**Directions for this task**
Each line in the material below, starting at the one with "USBハブ HDMI出力対応 小型" and ending at the one with "Eine nette junge", is to be reproduced exactly; no picture is to be copied.

**Data records**
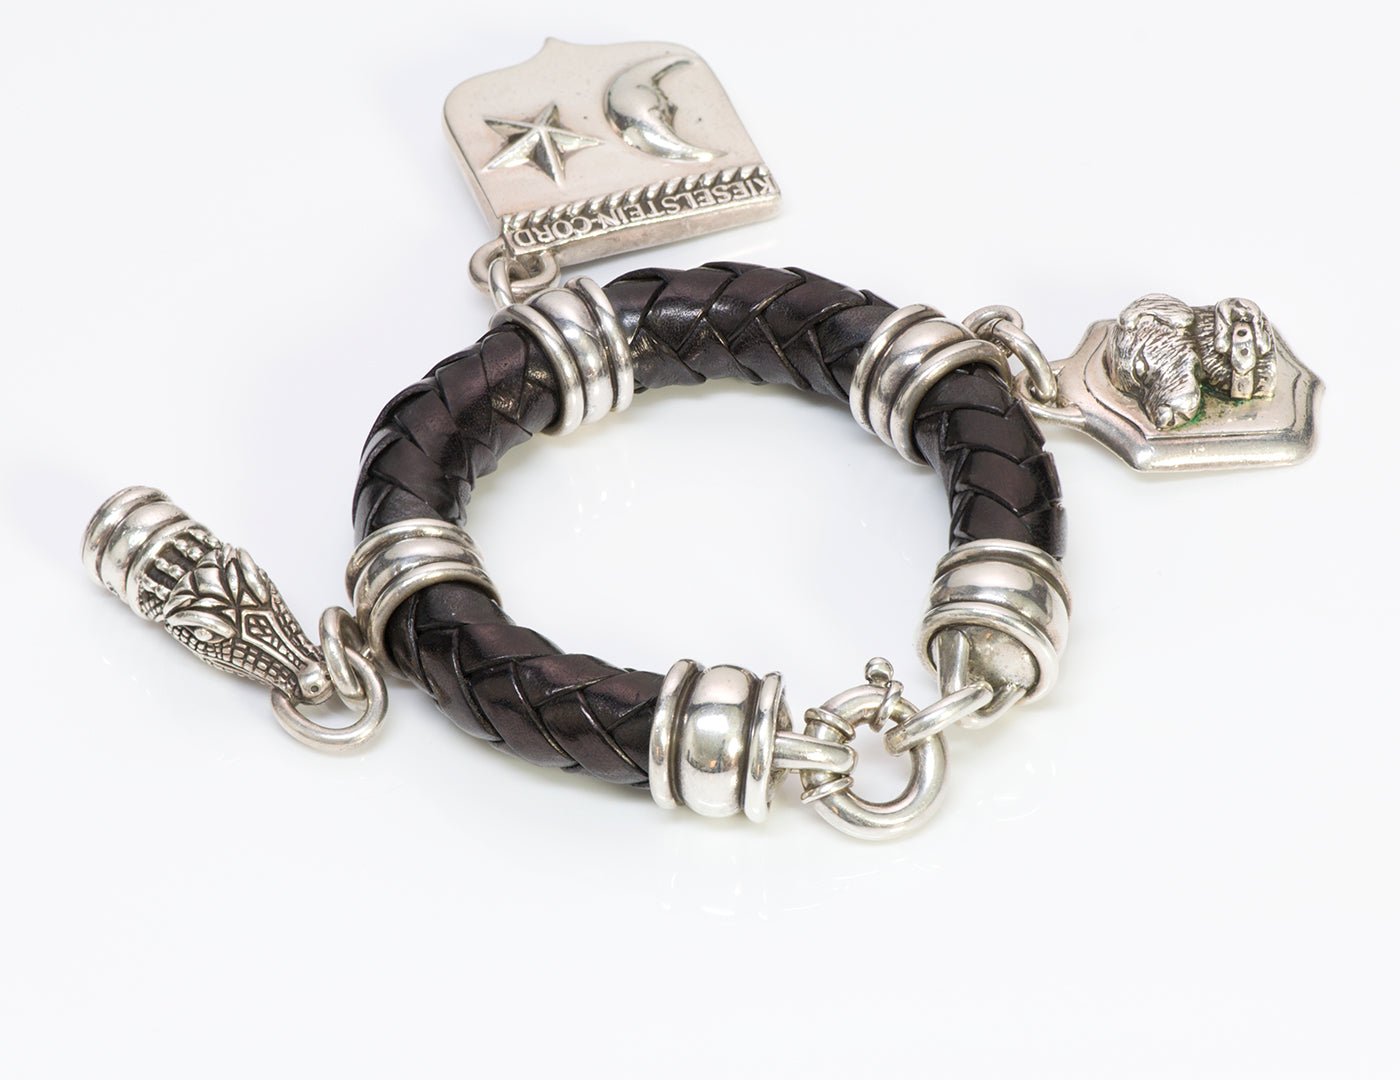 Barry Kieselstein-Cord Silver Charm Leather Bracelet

...

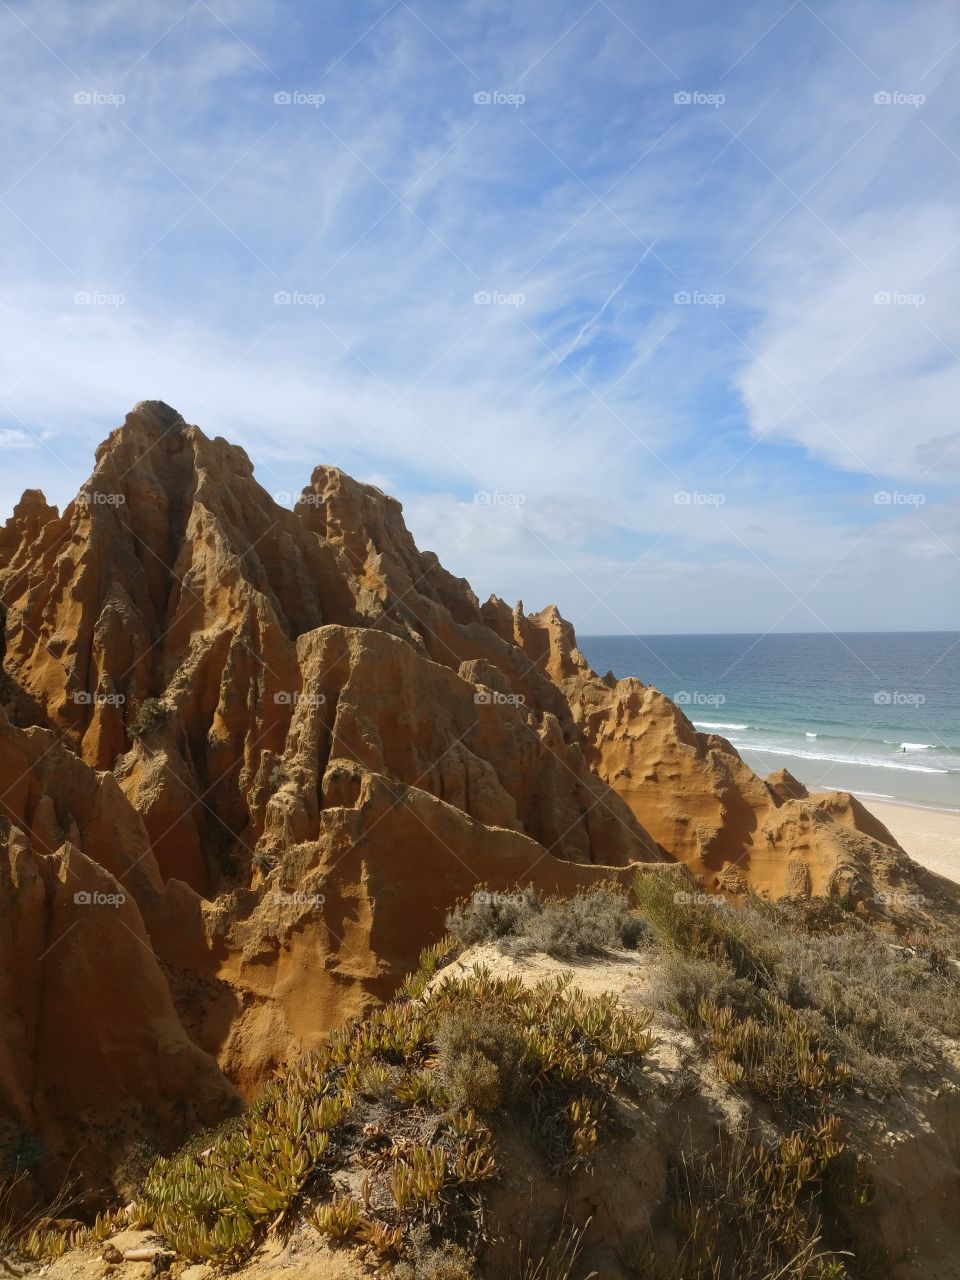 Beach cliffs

...

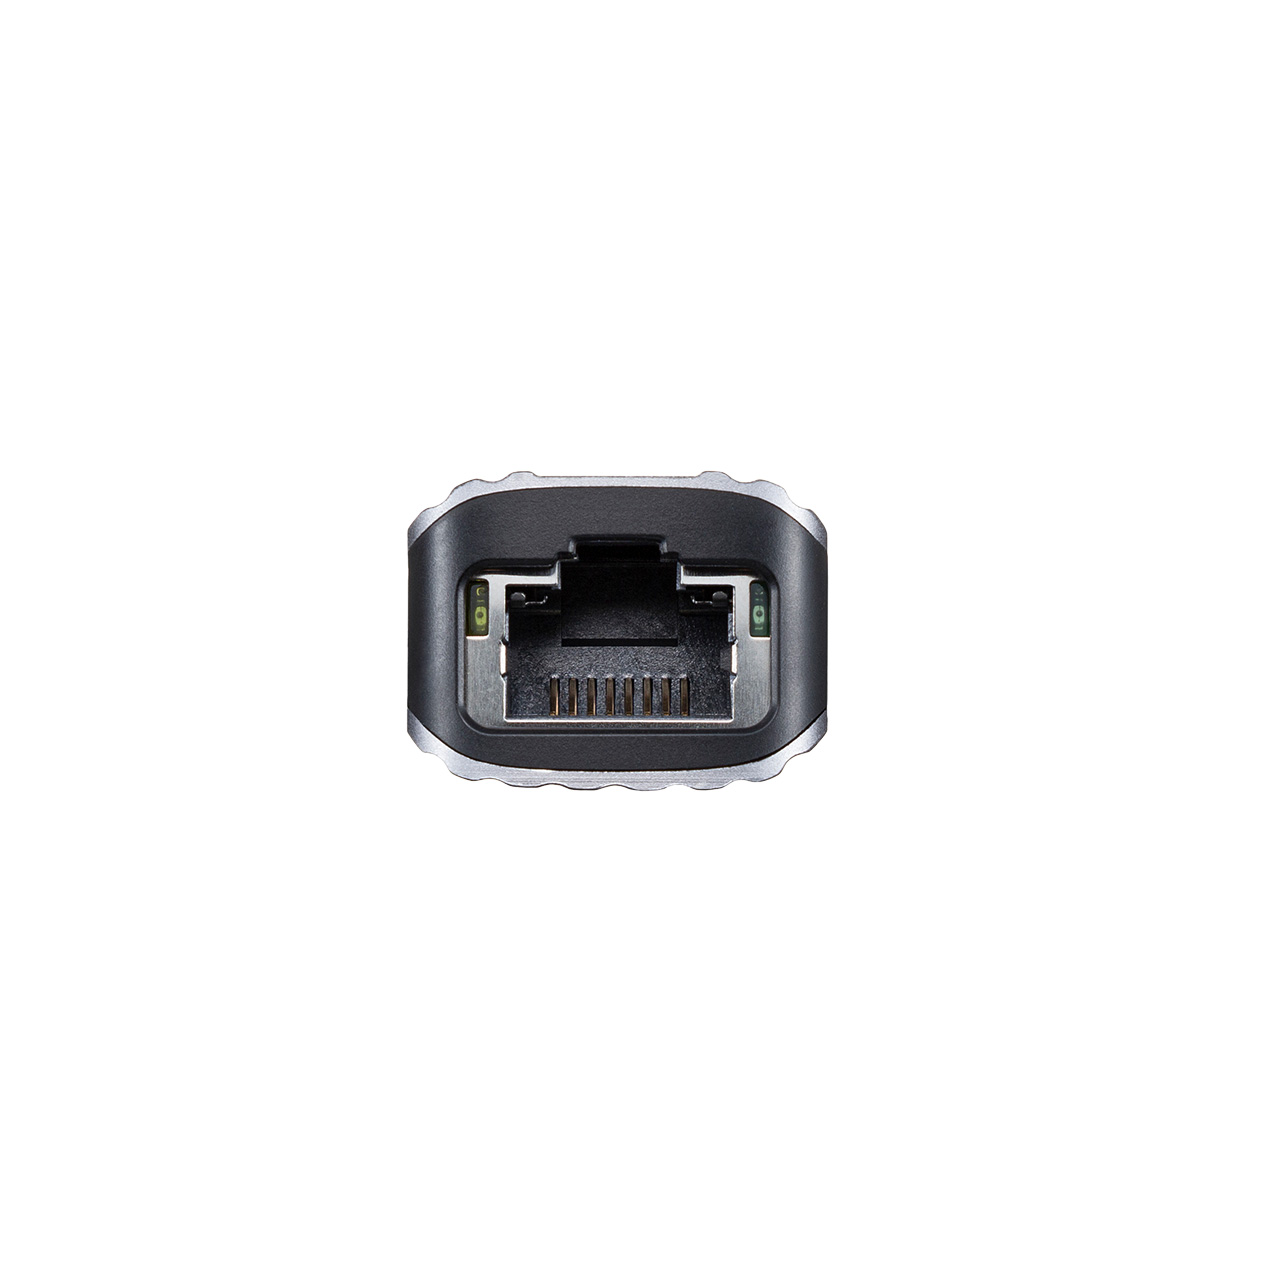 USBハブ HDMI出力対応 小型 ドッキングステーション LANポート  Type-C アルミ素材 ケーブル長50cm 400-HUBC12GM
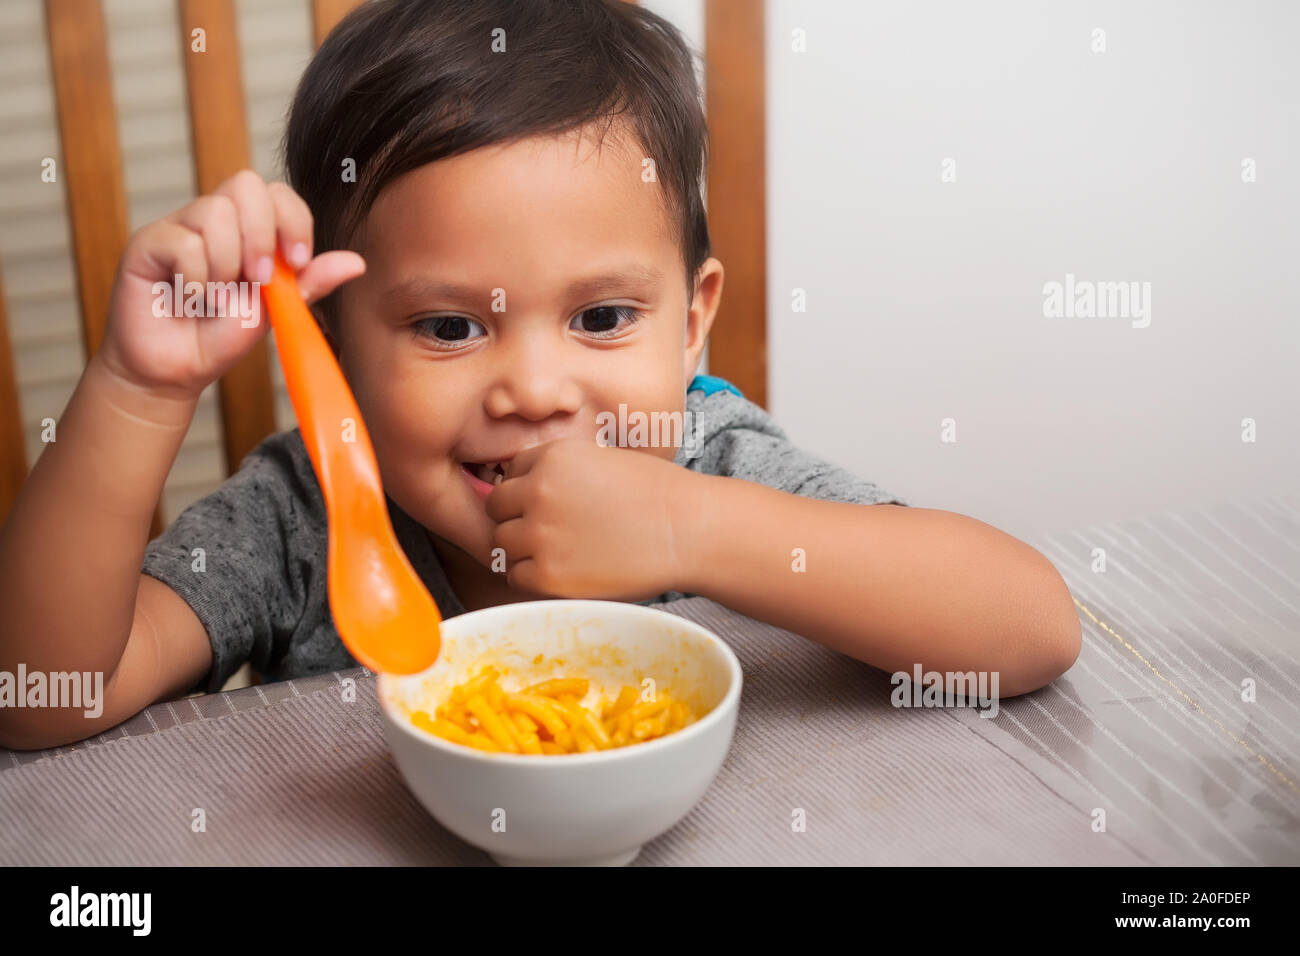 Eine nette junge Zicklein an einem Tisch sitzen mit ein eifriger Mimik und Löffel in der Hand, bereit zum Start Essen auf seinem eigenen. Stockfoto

**Written response**
 USBハブ HDMI出力対応 小型 ドッキングステーション LANポート  Type-C アルミ素材 ケーブル長50cm 400-HUBC12GM
 Eine nette junge Zicklein an einem Tisch sitzen mit ein eifriger Mimik und Löffel in der Hand, bereit zum Start Essen auf seinem eigenen. Stockfoto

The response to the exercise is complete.